* _About this exercise_
An exact reproduction of the data below is expected, free of images.

* _Dataset section_
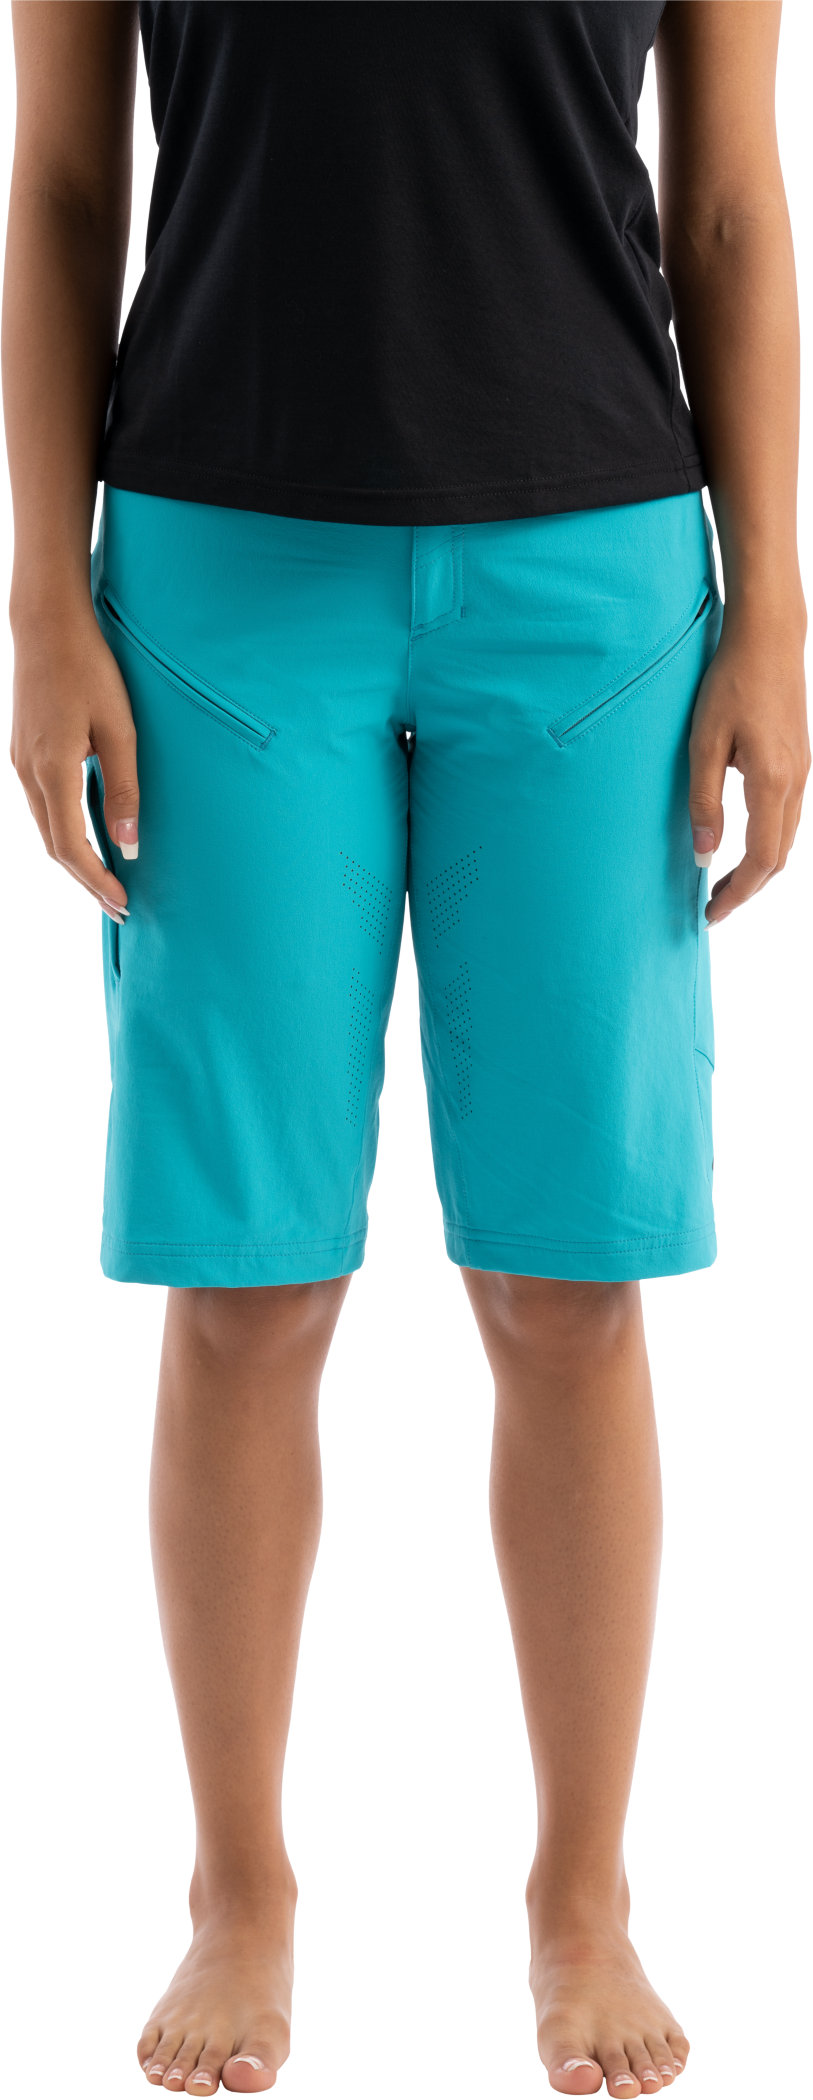 specialized andorra shorts
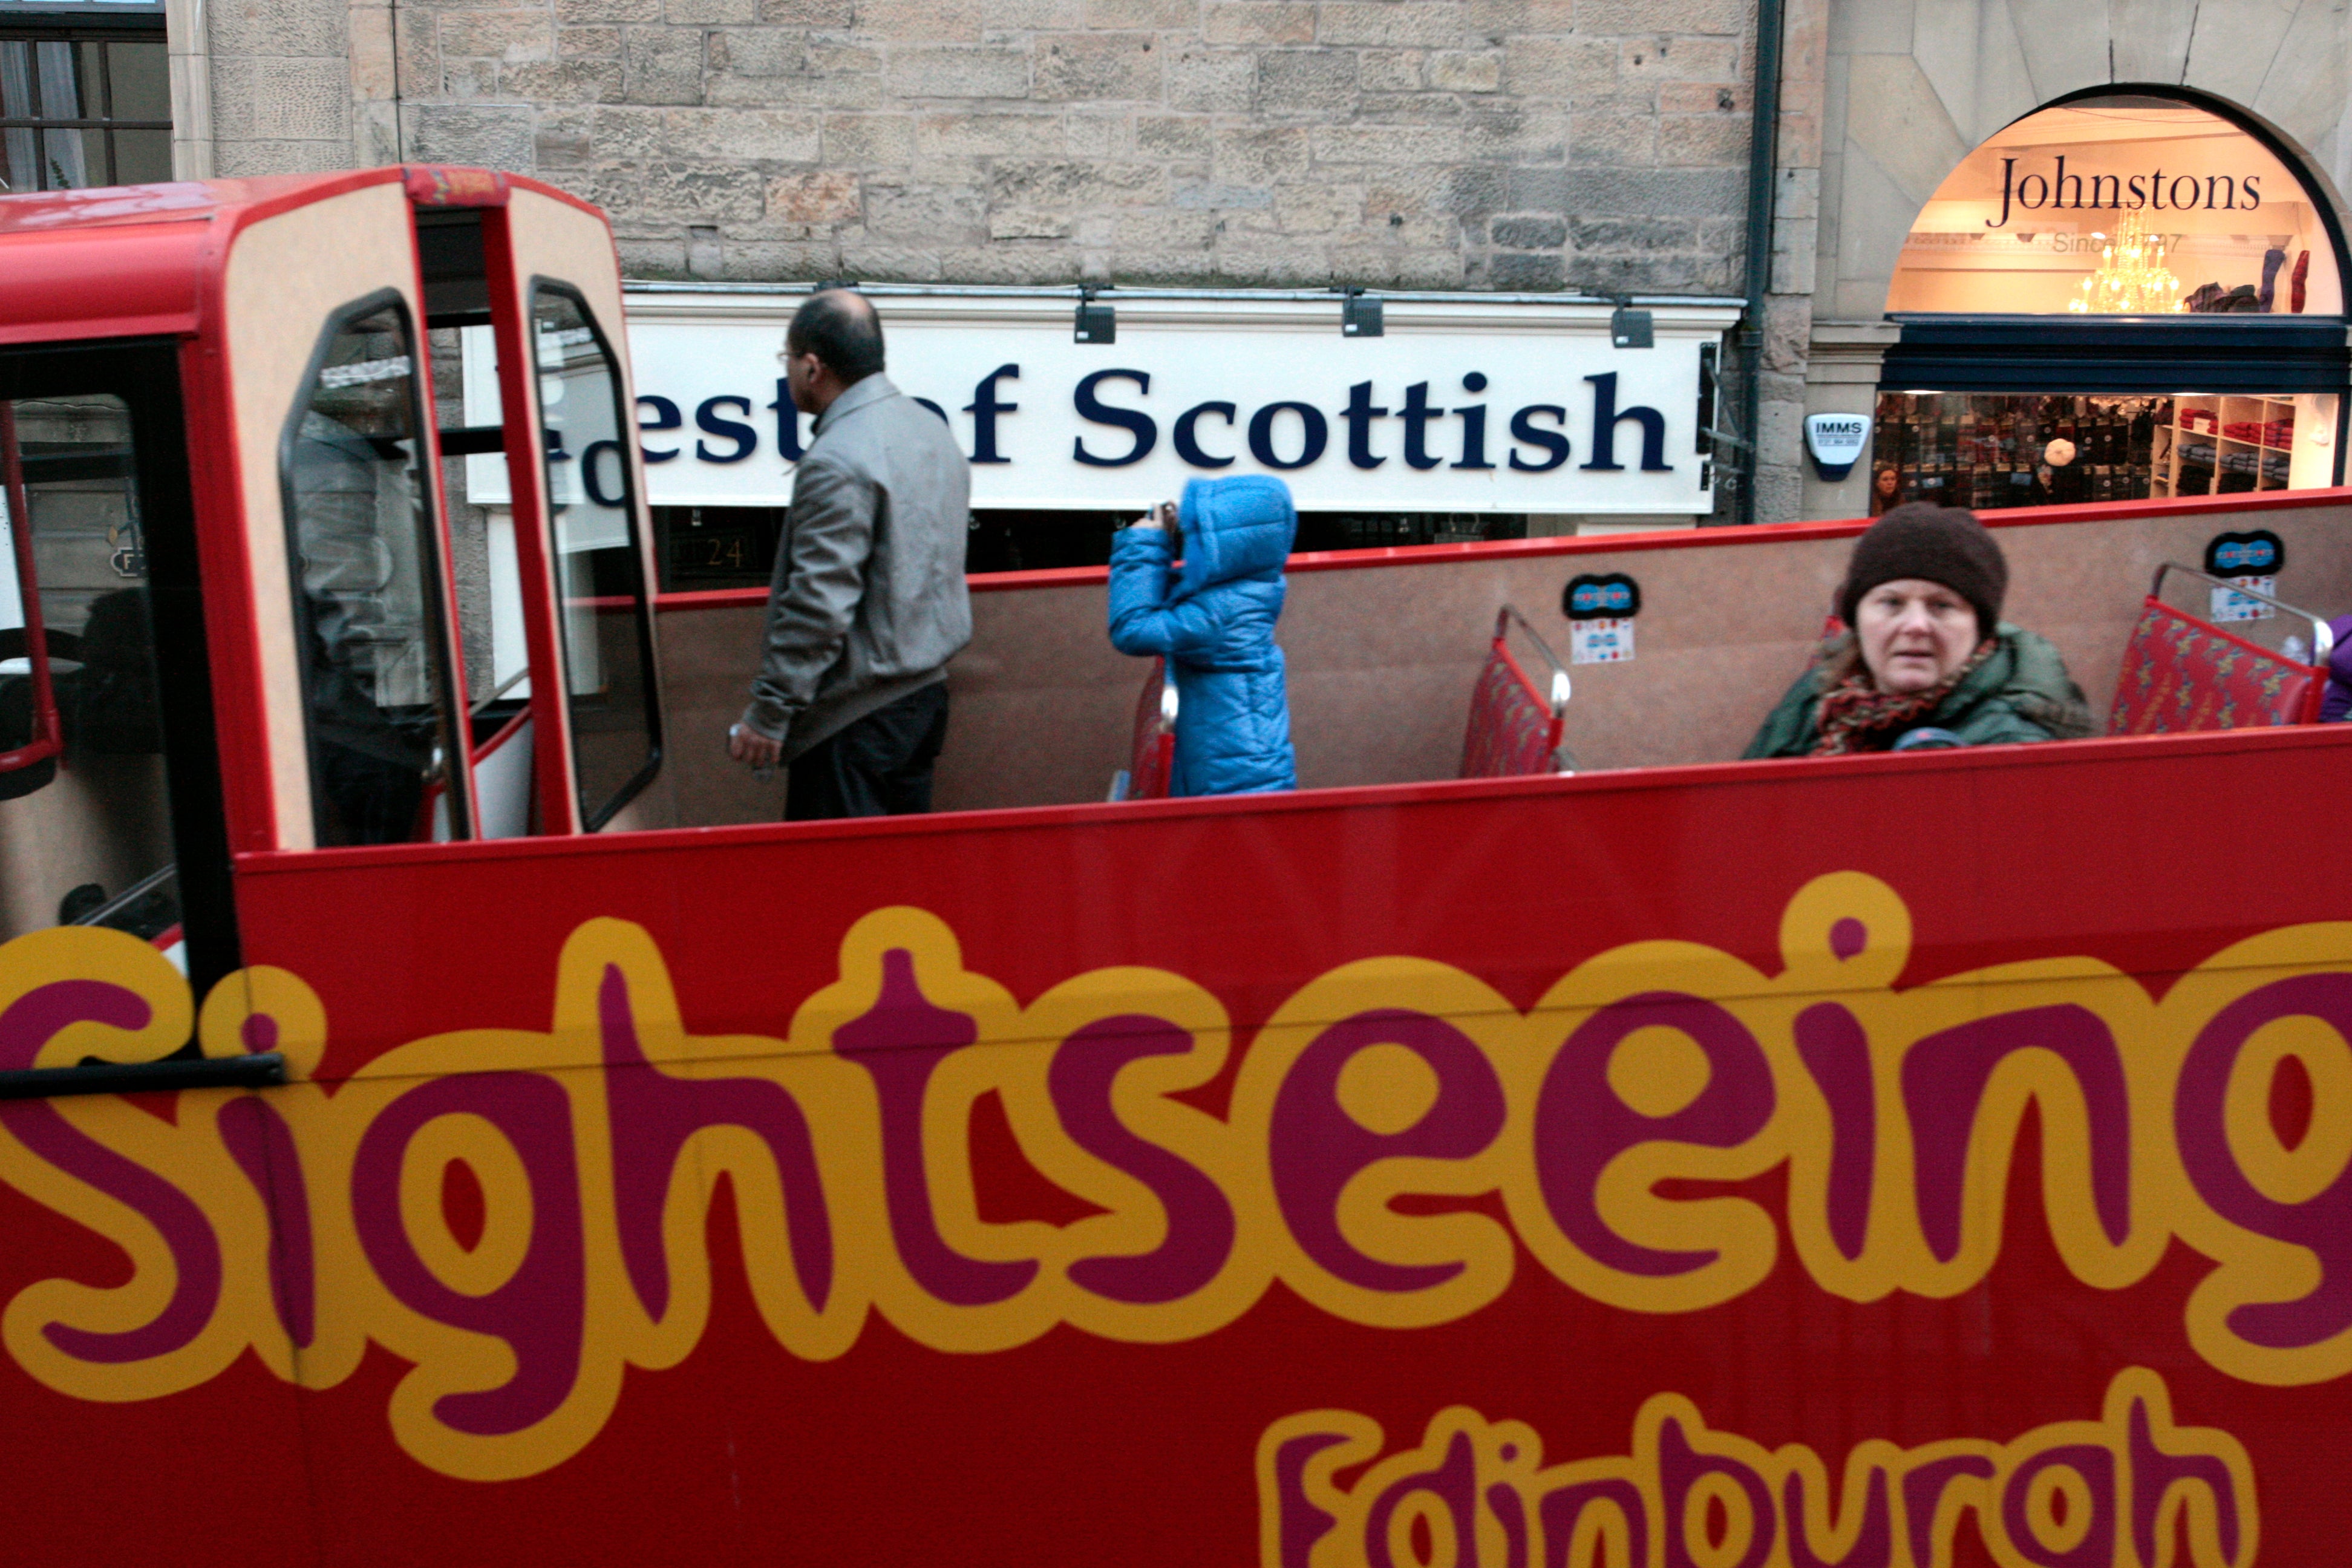 An Edinburgh sightseeing tour bus drives past outside the Scottish Parliament in Edinburgh (David Cheskin/PA)
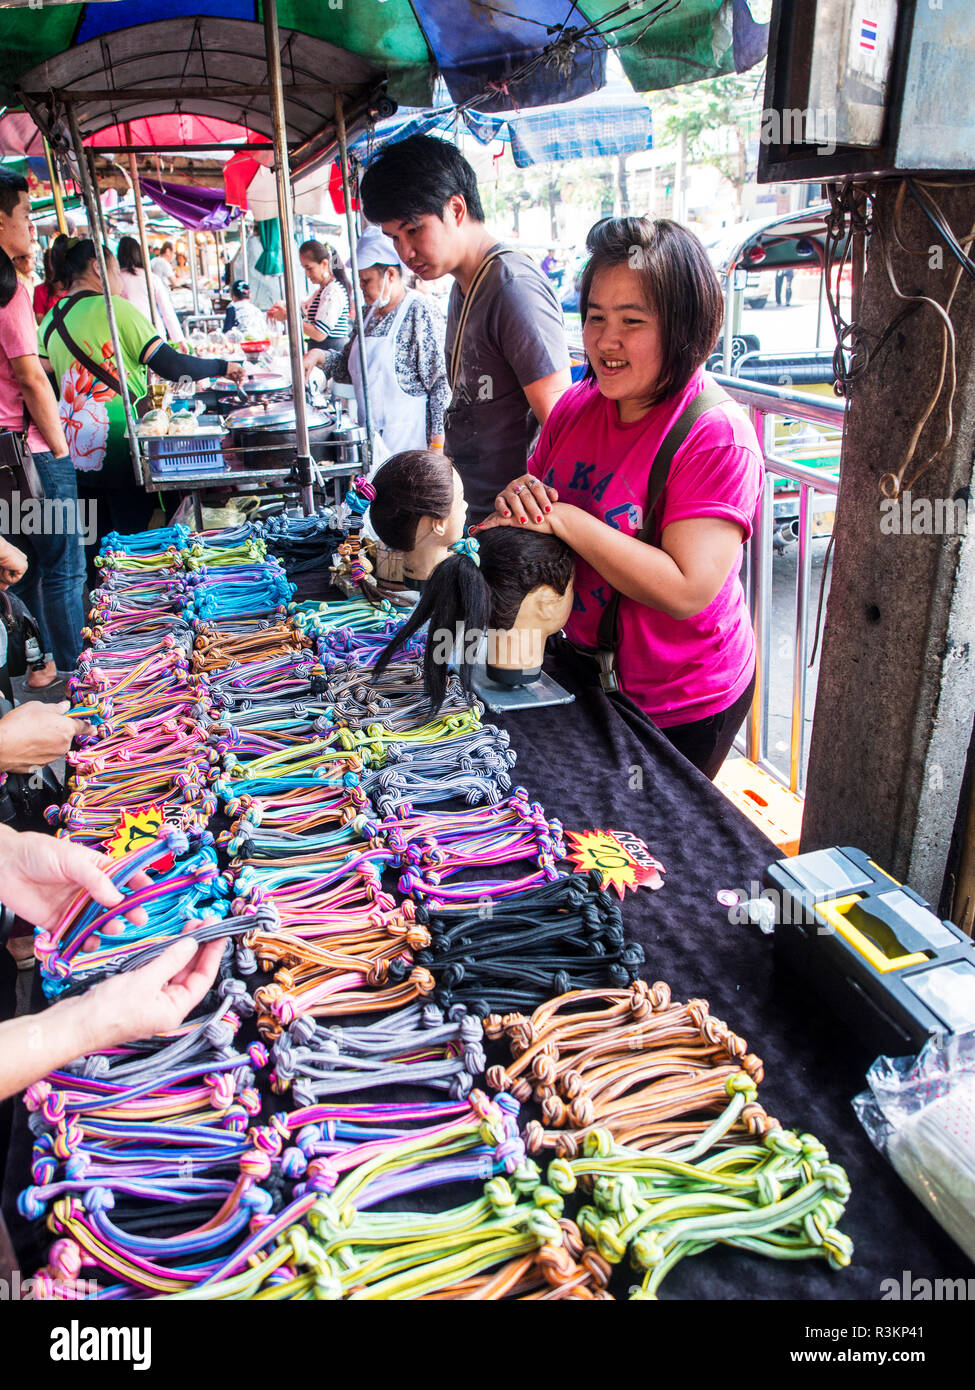 Thailand, Bangkok, Bangkok, Market, Sidewalk vendor of hair ties Stock Photo

* _Response to the task_
 specialized andorra shorts
 An Edinburgh sightseeing tour bus drives past outside the Scottish Parliament in Edinburgh (David Cheskin/PA)
 Thailand, Bangkok, Bangkok, Market, Sidewalk vendor of hair ties Stock Photo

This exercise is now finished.